___ Given data ___

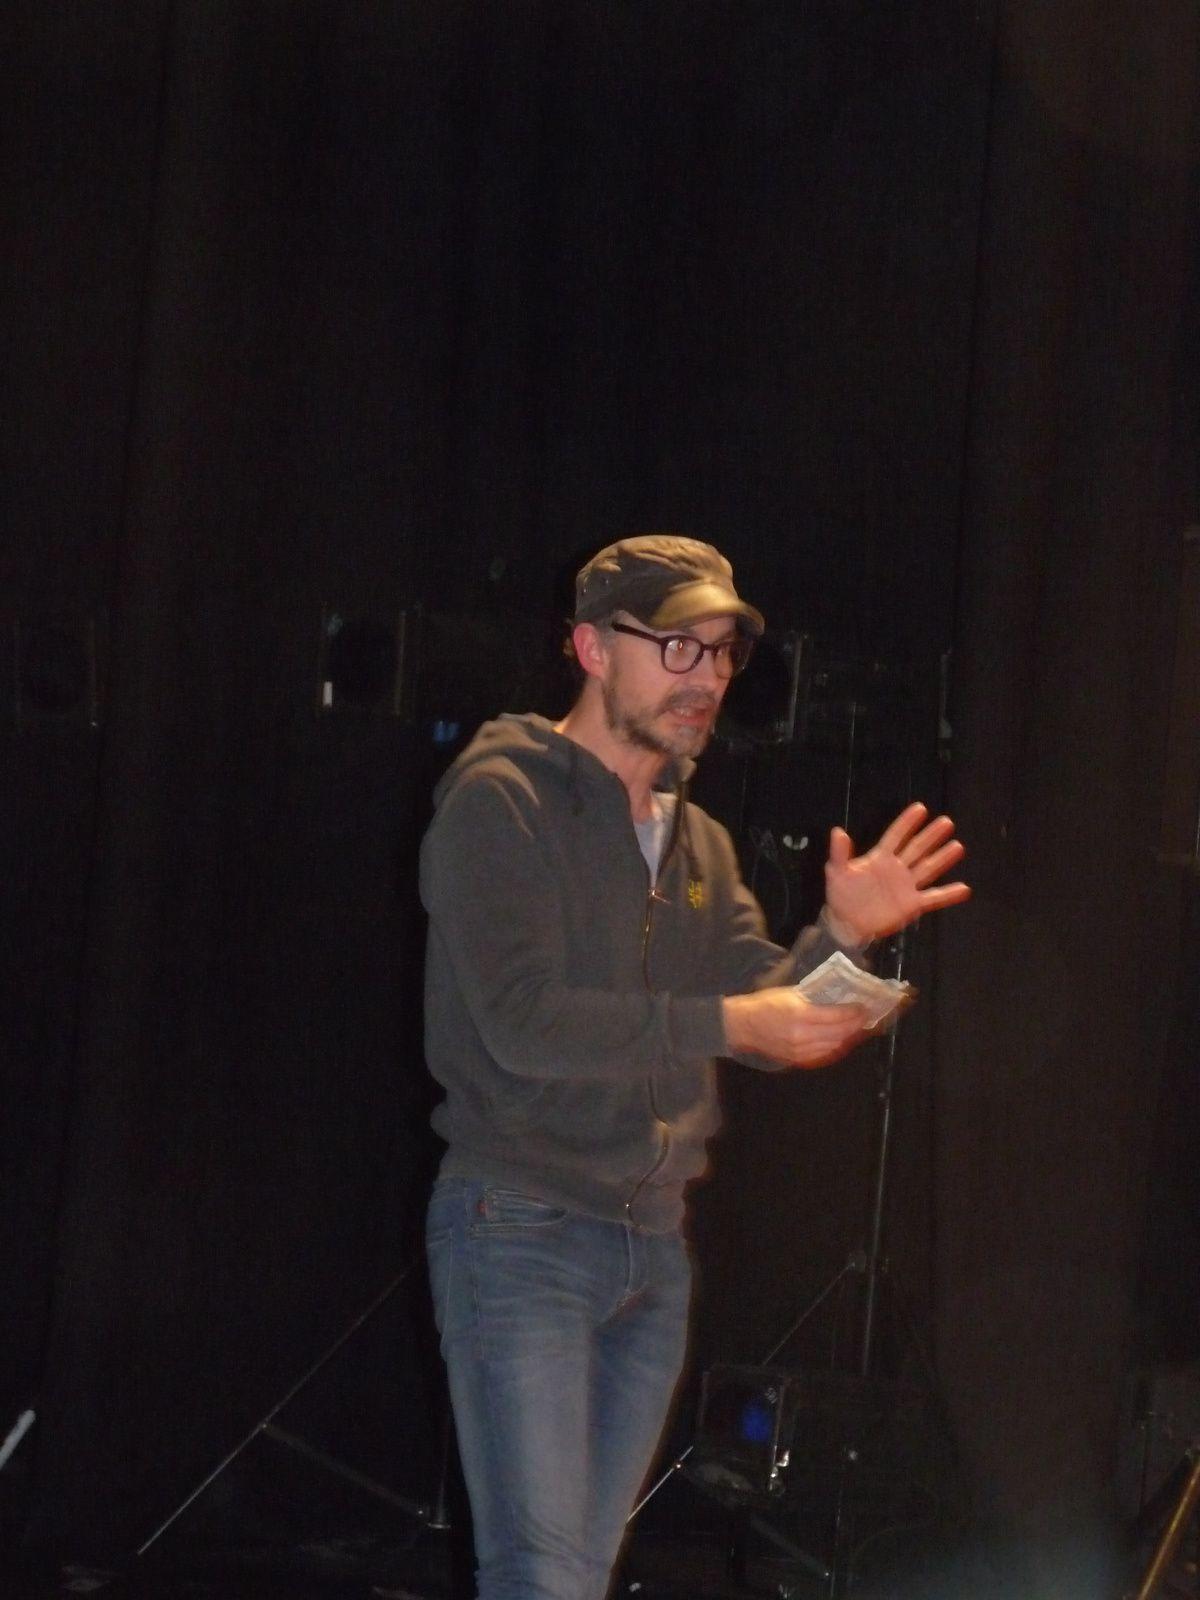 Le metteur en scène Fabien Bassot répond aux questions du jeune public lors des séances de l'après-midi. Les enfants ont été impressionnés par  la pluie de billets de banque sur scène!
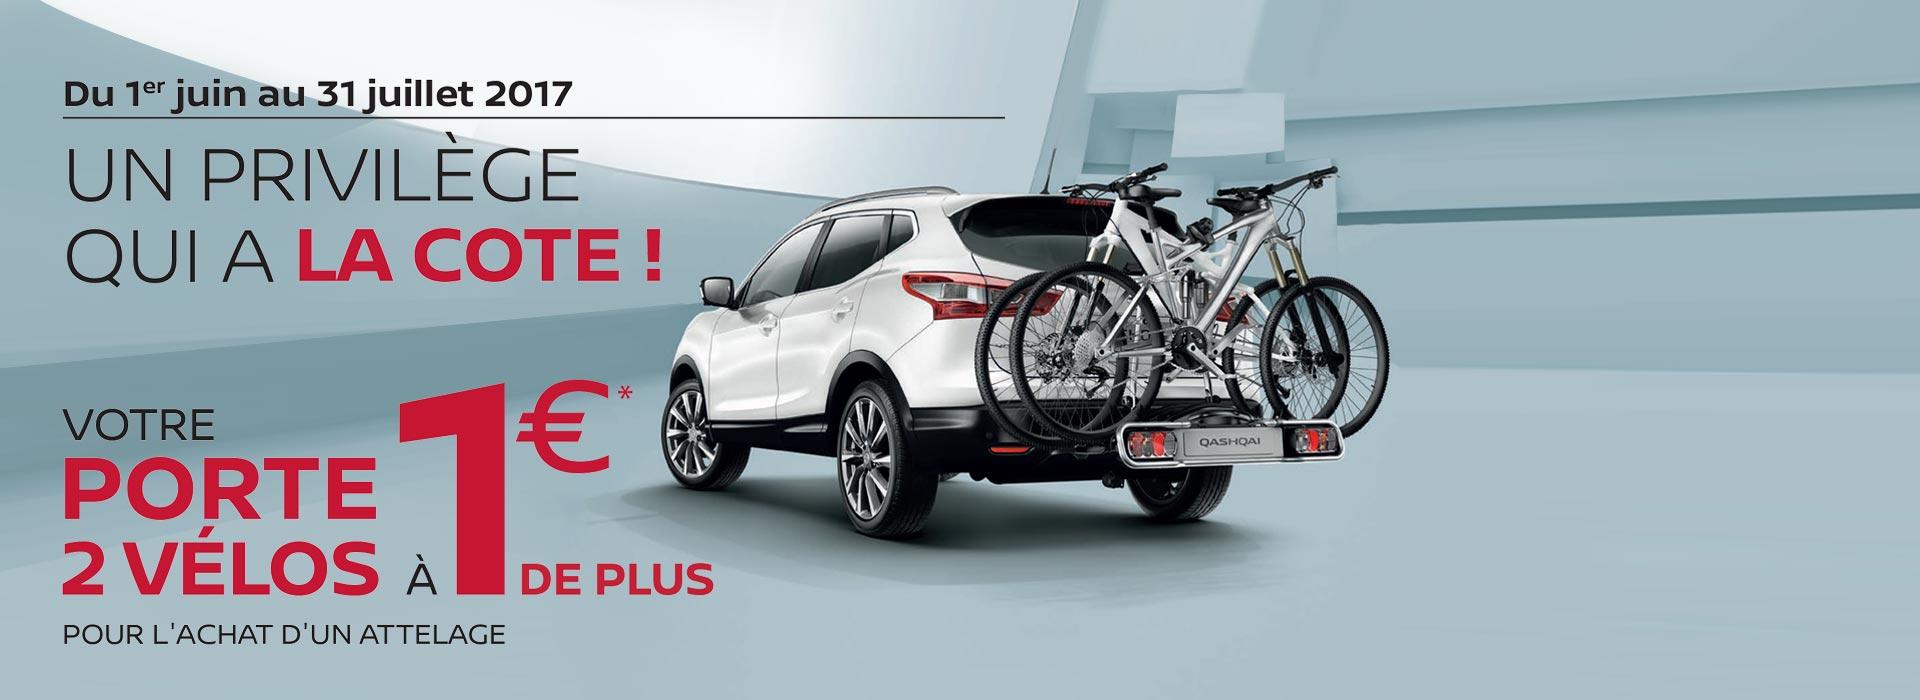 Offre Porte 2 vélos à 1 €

___
___ Given data ___

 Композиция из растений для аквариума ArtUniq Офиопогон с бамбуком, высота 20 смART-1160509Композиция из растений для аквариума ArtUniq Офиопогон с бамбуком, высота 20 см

___
___ Given data ___

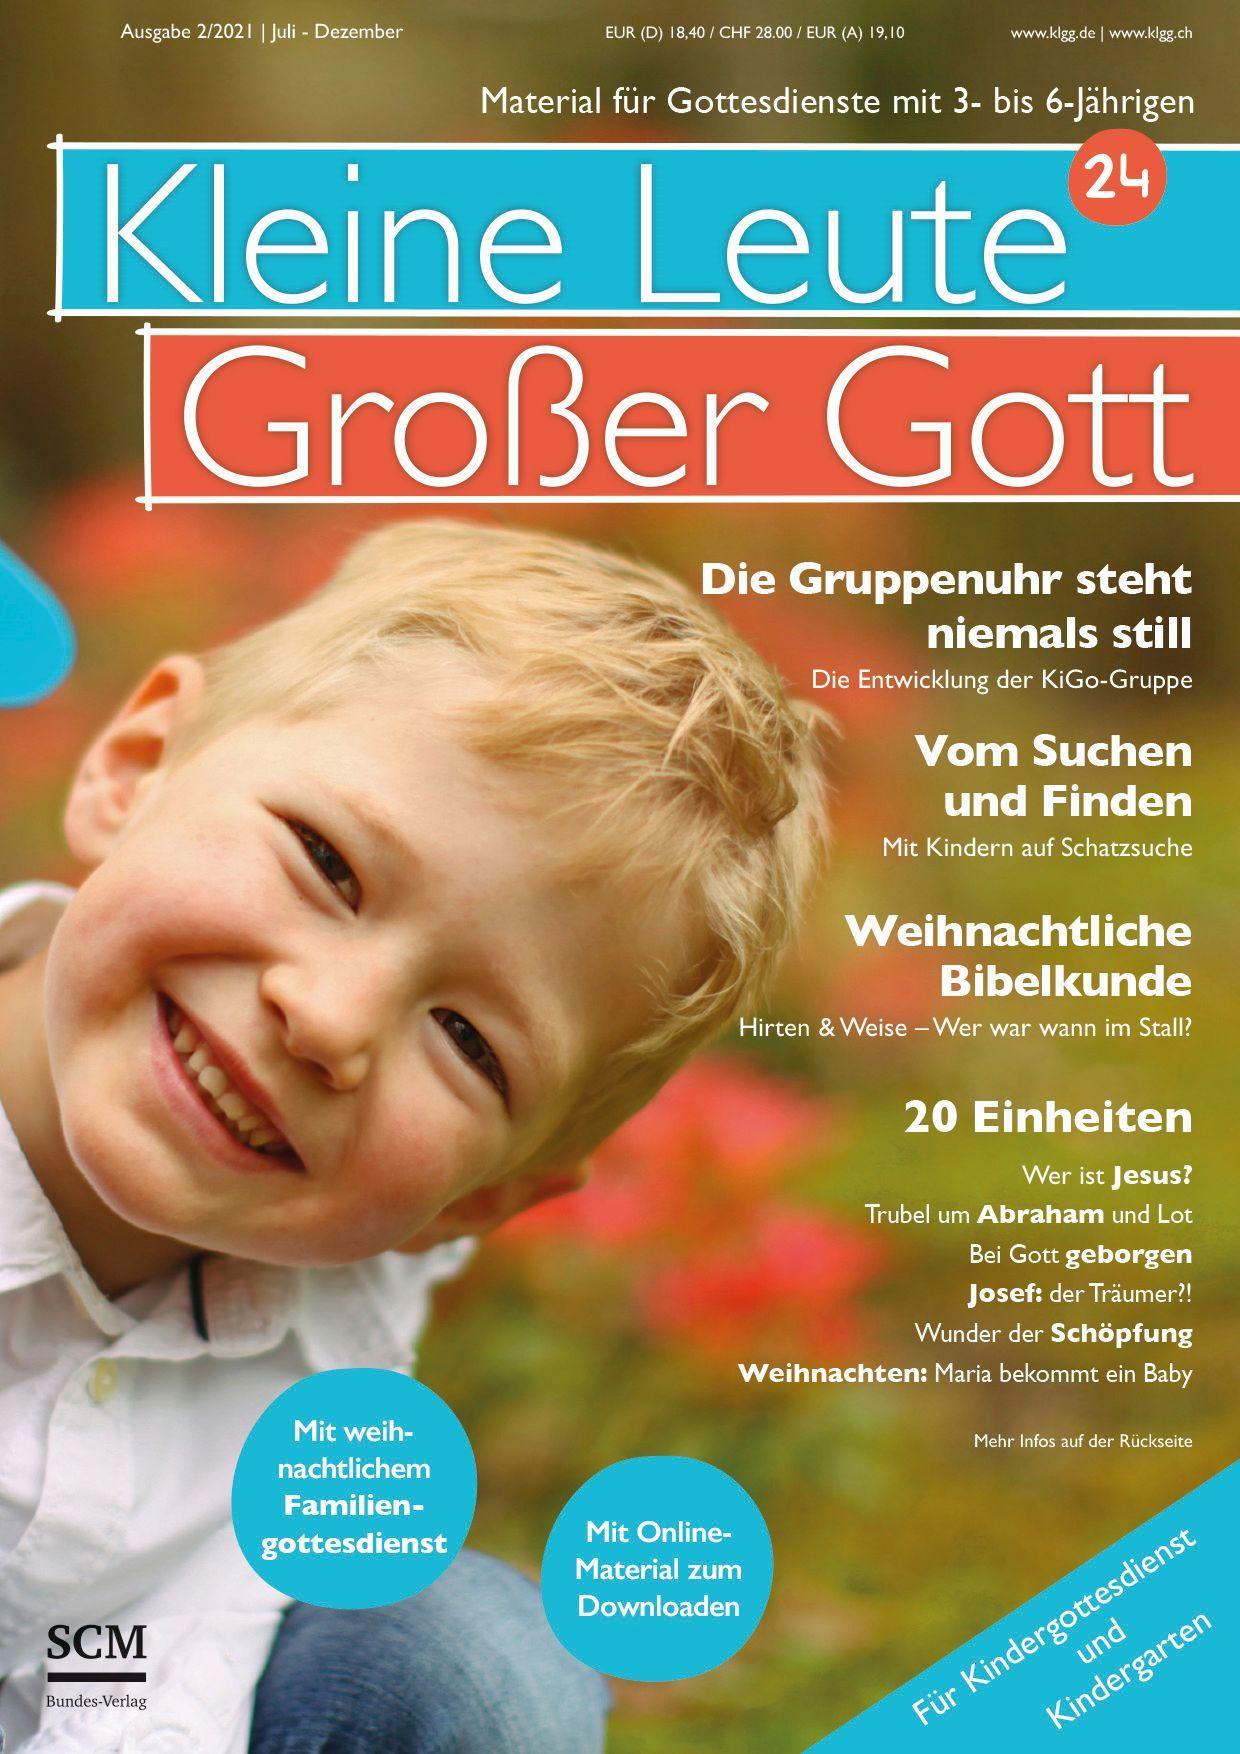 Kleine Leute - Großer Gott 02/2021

___

Work item:
Although the records hold pictures, the copy must not; give again exactly the lines from the one with "Le metteur en" through the one with "Offre Porte 2 vélos à 1 €".

Solved problem:
 Le metteur en scène Fabien Bassot répond aux questions du jeune public lors des séances de l'après-midi. Les enfants ont été impressionnés par  la pluie de billets de banque sur scène!
 Offre Porte 2 vélos à 1 €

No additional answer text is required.